The Oxymoronic Gospel

March 21, 2012

The institutional church in America is in panic mode. Faced with the prospects of dwindling attendance/membership and meager giving, she is trying her best to concoct a strategy to preserve some semblance of relevance and viability and to ‘attract new members’. Ironically, she is relying upon the same type of man-centered thinking and employing some of the same marketing tactics and gimmicks that are largely responsible for where she now finds herself. Ultimately, she is more concerned about self-preservation than the heart of God. She likes her buildings. Her pastors and administrators like their salaries and their retirement plans. She likes her perceived place of moral authority. She likes her programs and all that her hands have made.
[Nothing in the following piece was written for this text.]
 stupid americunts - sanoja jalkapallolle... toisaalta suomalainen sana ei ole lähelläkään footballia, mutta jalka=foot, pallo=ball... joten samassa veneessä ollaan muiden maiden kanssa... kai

And it would seem that all of these may have blinded her eyes to Jesus’ call to ‘come and die’.

The good news that Jesus brought us is shrouded in both a simplicity that even a child can understand and a depth and a mystery that defies human comprehension. This oxymoronic gospel …simple yet deep and mysterious…has at its core a call to ‘come and die’ in order that we may ‘truly live’.
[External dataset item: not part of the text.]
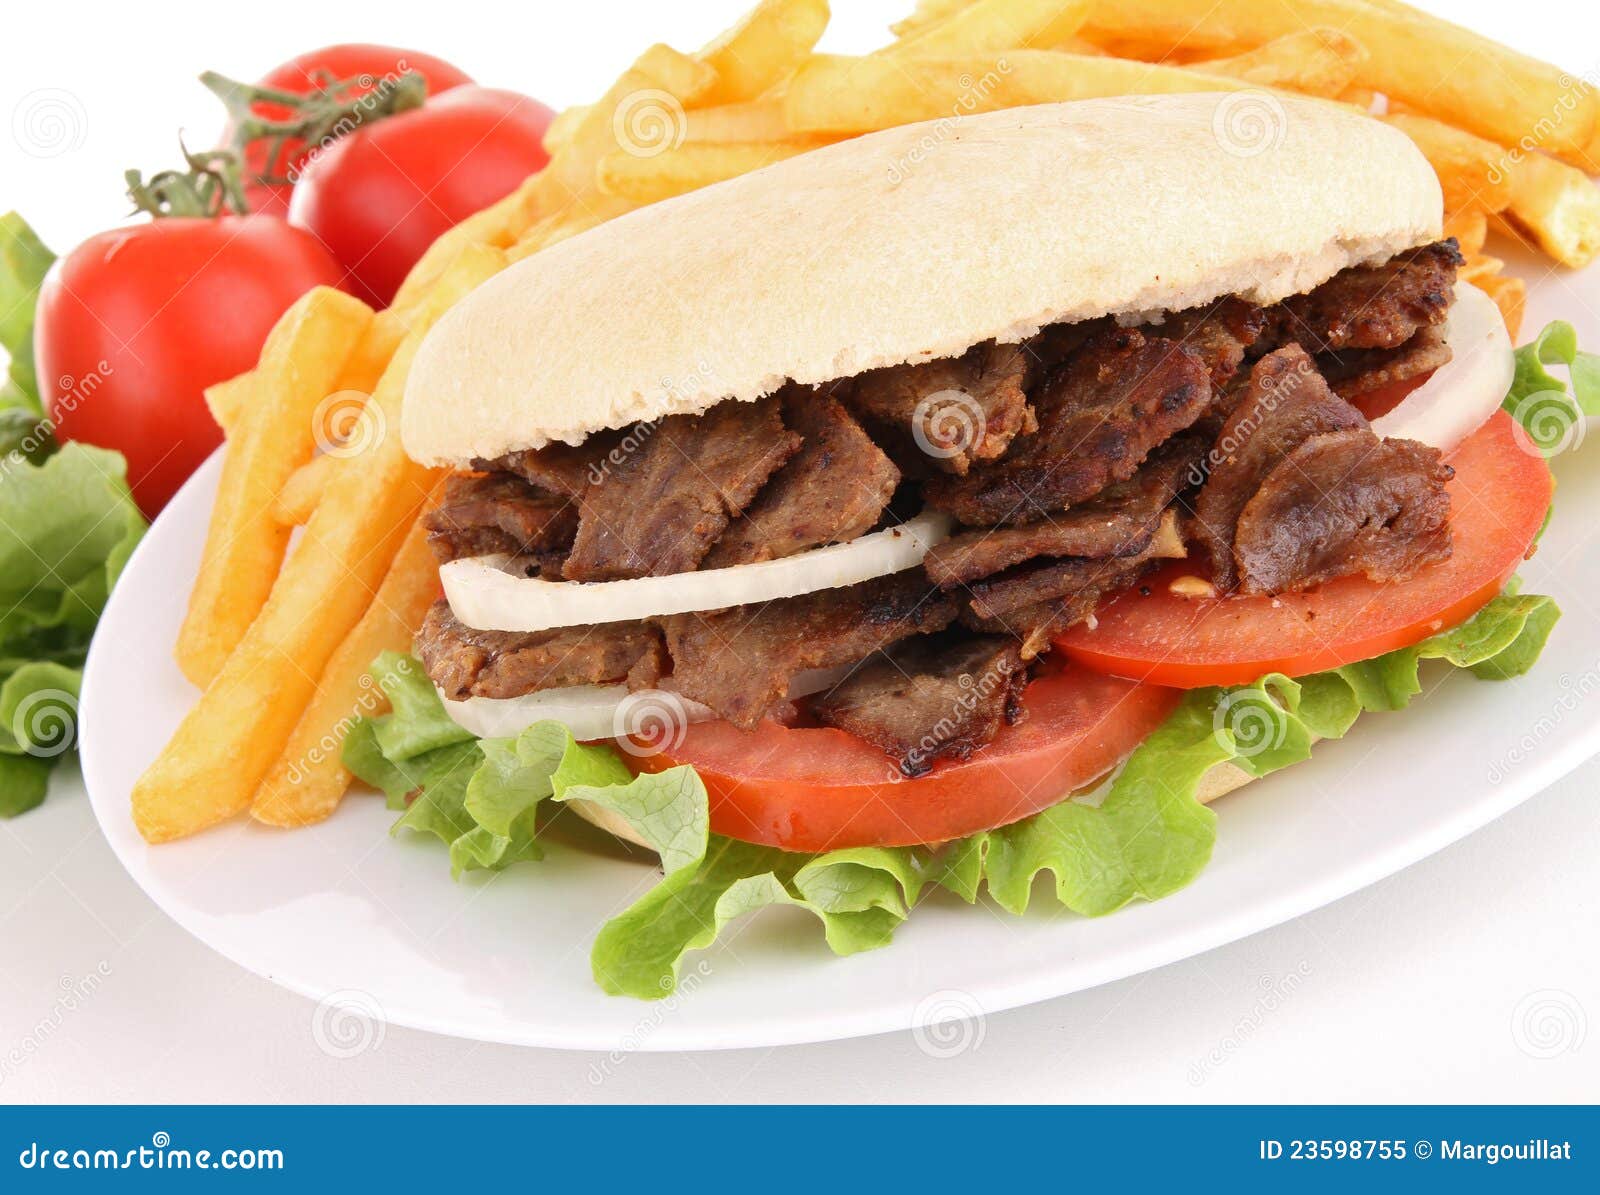 Kebab stock image. Image of salad, bread, onion, turkish - 23598755

Perhaps it’s time for the institutional church to die. Perhaps it has become an idol and a stumbling block for those truly seeking God. If I’m correct, then there are two obvious ways that this can happen.
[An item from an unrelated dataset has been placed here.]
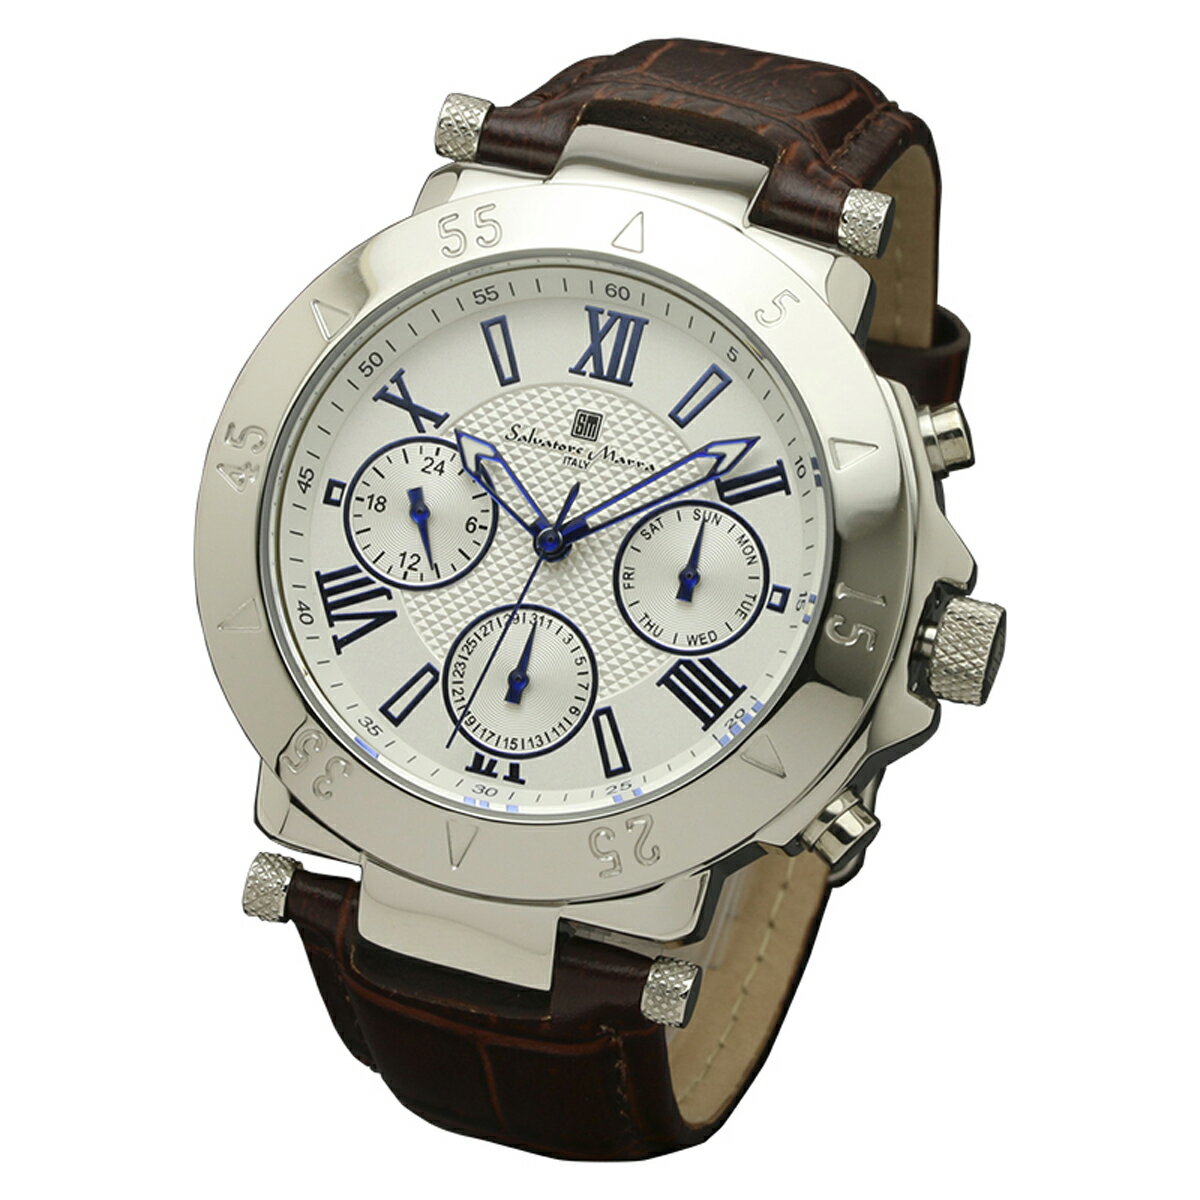 サルバトーレマーラ Salavatore Marra 腕時計 SM14118S-SSWH クオーツ メンズ腕時計 レザーベルト ローマ数字 アナログ表示 10気圧防水 紳士用 時計

The first is for the leaders and the members of these institutions to simply continue with their current trajectory that is rooted in self-preservation rather than Christ-centered self-denial. These man-centered strategies will not work and eventually church buildings will close, programs and gatherings will cease…the institution will die.

The second is for the leaders and the members of these institutions to confess (agree with the heart of God concerning our condition) and repent (turn back to God and His infinite wisdom)…to re-identify with the death of Christ (Romans 6) and to embrace our position as a people belonging to God not to ourselves (Isaiah 43:21, 1 Peter 2:9). In doing these things, the institution (as we know it) will die.

In either scenario the ‘institution’ dies. The first is an involuntary death and it will only further dirty the face of Jesus. The second is a voluntary death and I believe it will bring days of refreshing as we throw off the entanglements and weights of man-centered religious activity and embrace the oxymoronic gospel!

(NOTE: When I speak of the ‘institutional church’ I am referring to the man-made organizations/institutions who self-identify themselves as ‘Christian churches’ or ‘Christian denominations’ with a variety of structures, forms, stated beliefs, and leadership hierarchy. By ‘institutional church’ I do not mean ‘the church, the called out ones of God’. With that said, I understand that there are many called out ones in the institutional church but not everyone who is a ‘member’ of the institutional church is truly a part of the church. Likewise, there are undoubtedly people who profess faith in Jesus and who are not part of the institutional church but who are in fact part of the church. Ultimately, there is only one true church–the body of  Christ, the elect, the called out ones. With that said, I believe the sorting out is God’s business not mine–Matthew 13:24-29.)